The FixDT trial was of a similar overall design to WOLLF, as it ran concurrently with and was designed by the same research team. As for WOLLF, for three of the four boundary settings tested, the FixDT study would have stopped at the second interim analysis, when 243 (c.f. 321 in the original study) participants had been recruited into the study and follow-up would have been completed in 27 months (c.f. 42 months for the original study). Therefore, as for WOLLF, there would have been a considerable saving in time and cost, if an adaptive design had been used.

The treatment estimate for FixDT after completing follow-up for the stopped study was −6.2 favouring the control (nail) treatment and the estimate of the treatment effect in the original (fixed design) study was −4.0 (95% CI −9.6 to 1.6). The estimate of the SD of the primary outcome (σ_6m) used in the original sample size calculation, and used to build the group sequential design, for FIXDT was a marked underestimate of the true value (20 vs. 24). This caused the original study to be underpowered and the interim analyses to be at later times than planned. That is, when there were more participants than expected (146 vs. 100) with 6-month outcome data.

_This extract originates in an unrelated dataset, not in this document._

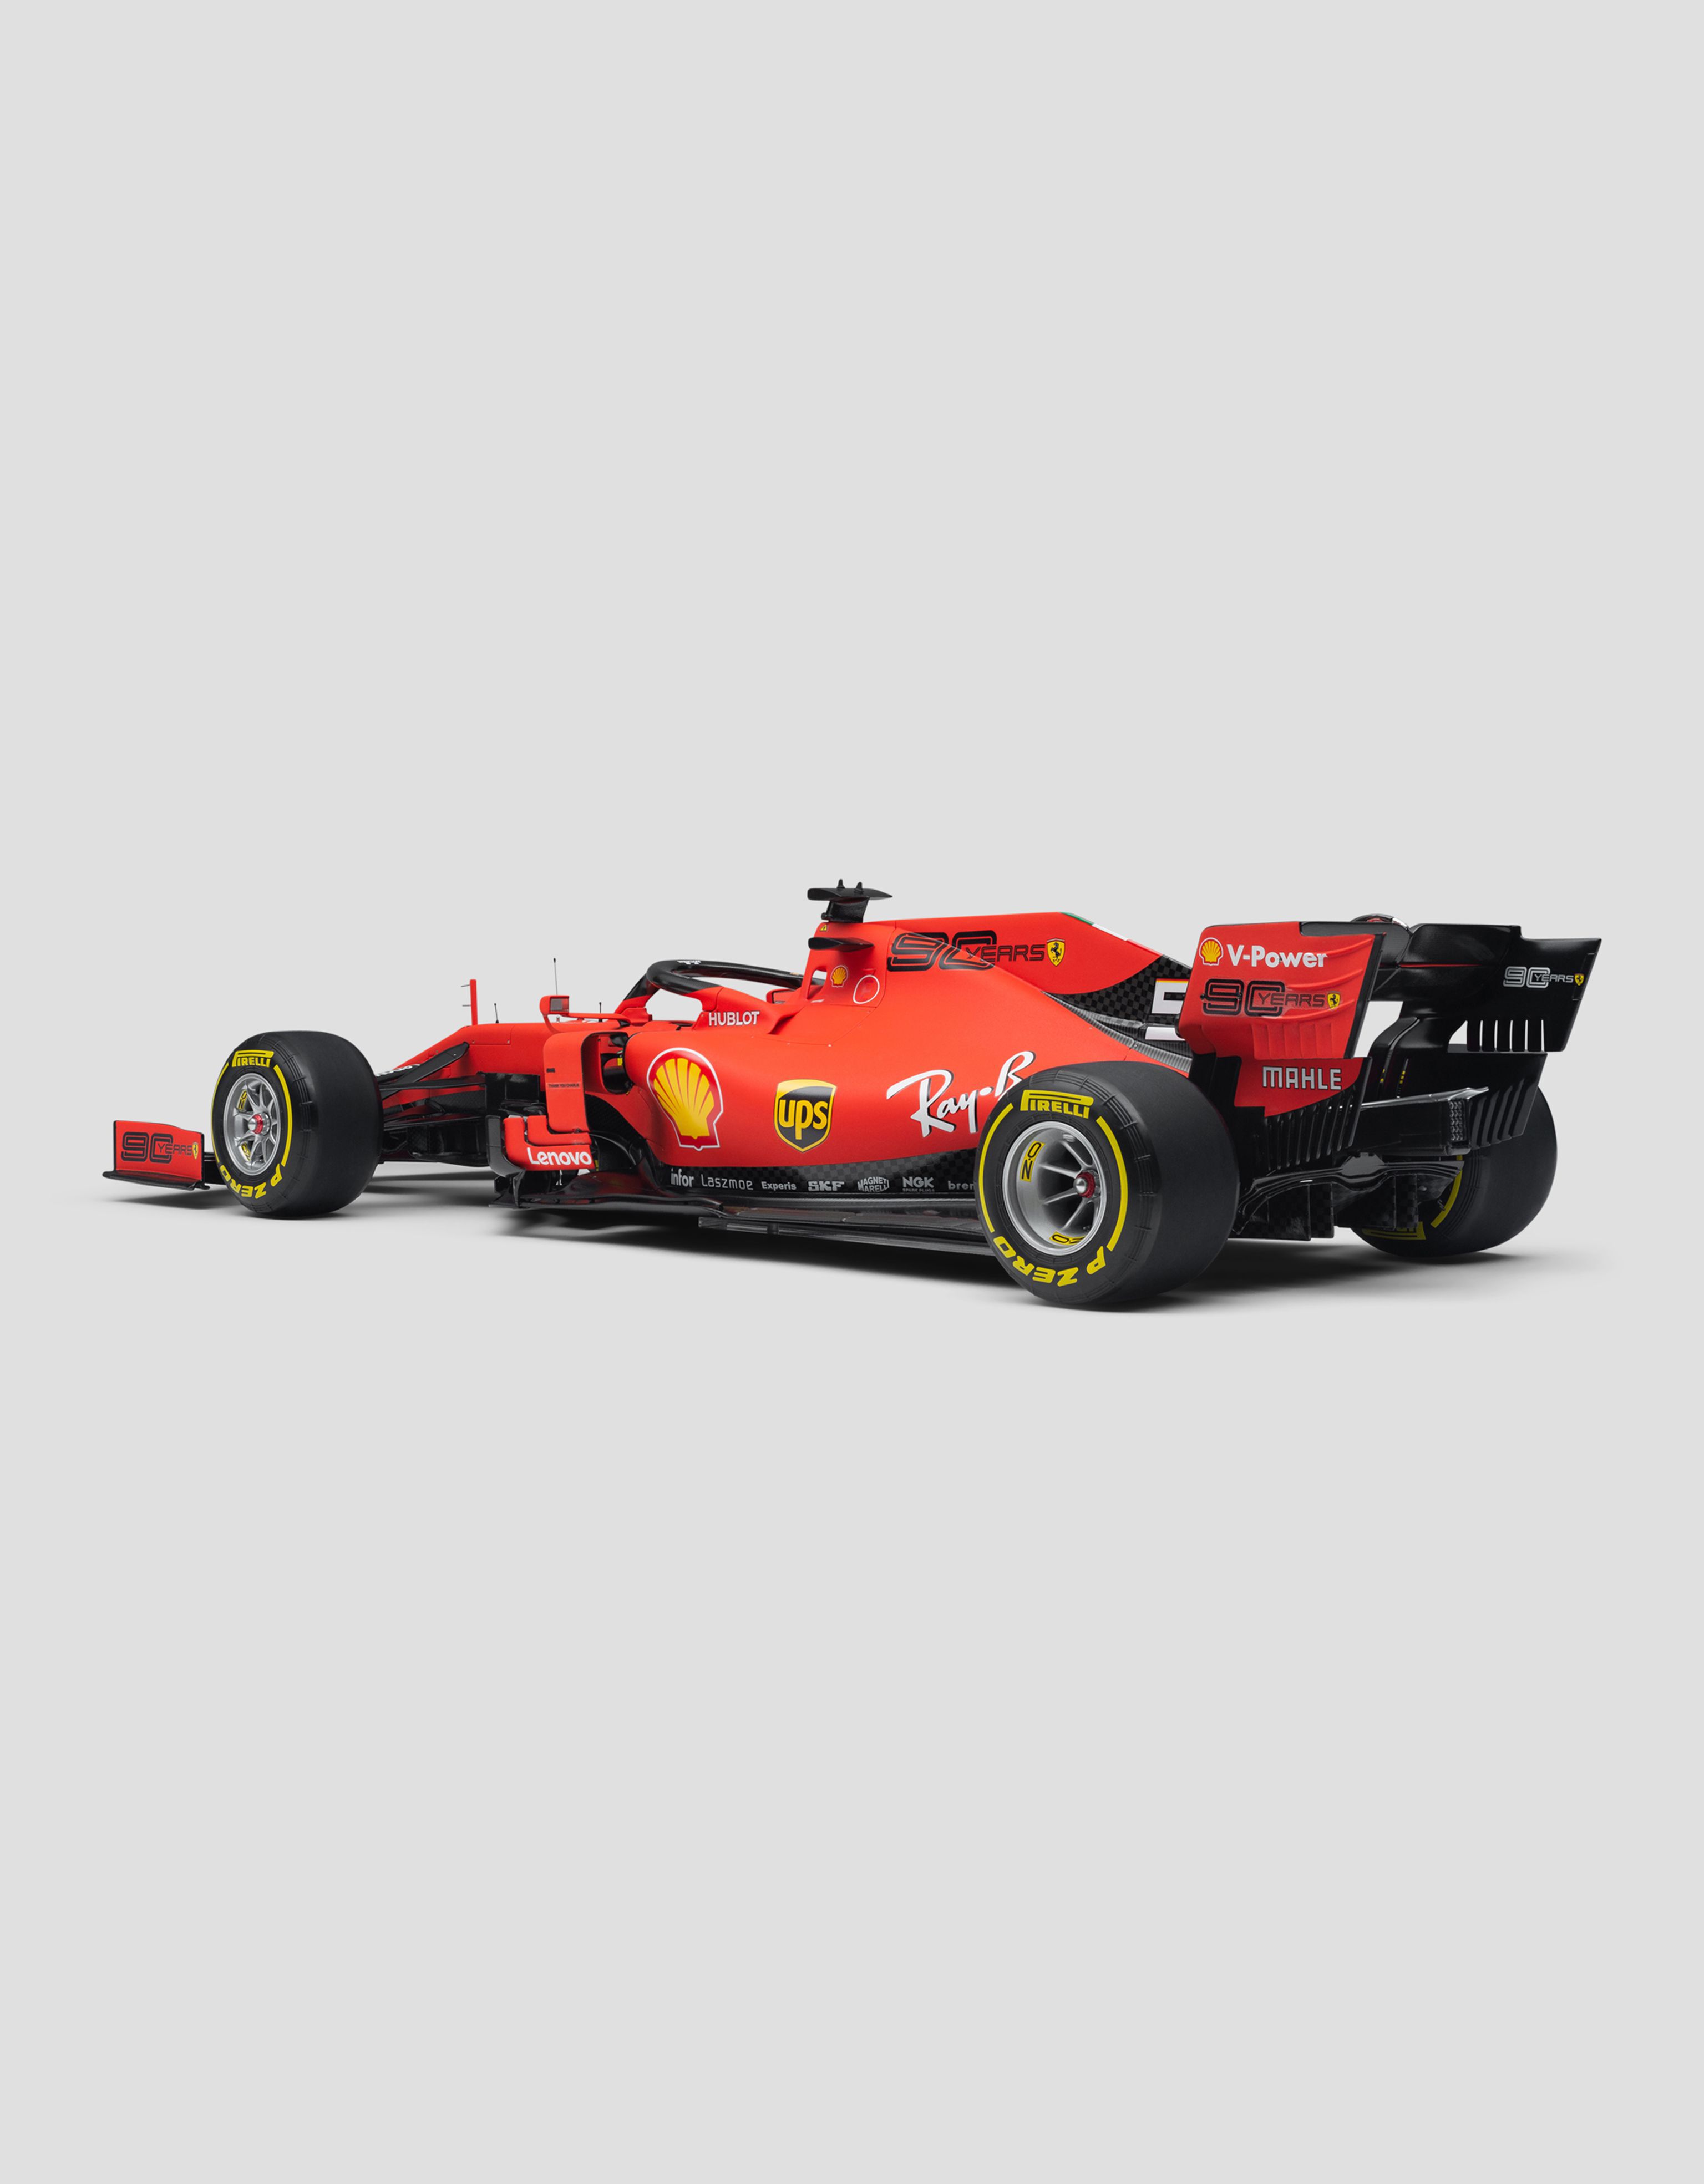 Ferrari モデルカー Ferrari SF90 Vettel スケール 1/8 レッド L7981f

WOLLF and FixDT both reported results in the original studies favouring the control treatments; intramedullary nail fixation in FixDT and standard dressing in WOLLF. The boundaries for our designs reflected the wish to stop for futility if there were a lack of emerging evidence to support better outcomes for the comparator test treatments (locking-plate fixation and NPWT, respectively). Locking-plate fixation and NPWT both proved unlikely to be a cost-effective compared with intramedullary nail fixation and a standard dressing respectively in reported health economic analyses. 146,147

In contrast to WOLLF and FixDT, the DRAFFT trial provided treatment effects throughout the study that tended to marginally favour the test locking-plate treatment over wire fixation control treatment. Therefore, it is perhaps not surprising given the asymmetry of the boundaries that the DRAFFT study would not have stopped at the interim analysis for any of the four boundary settings tested in the simulated studies.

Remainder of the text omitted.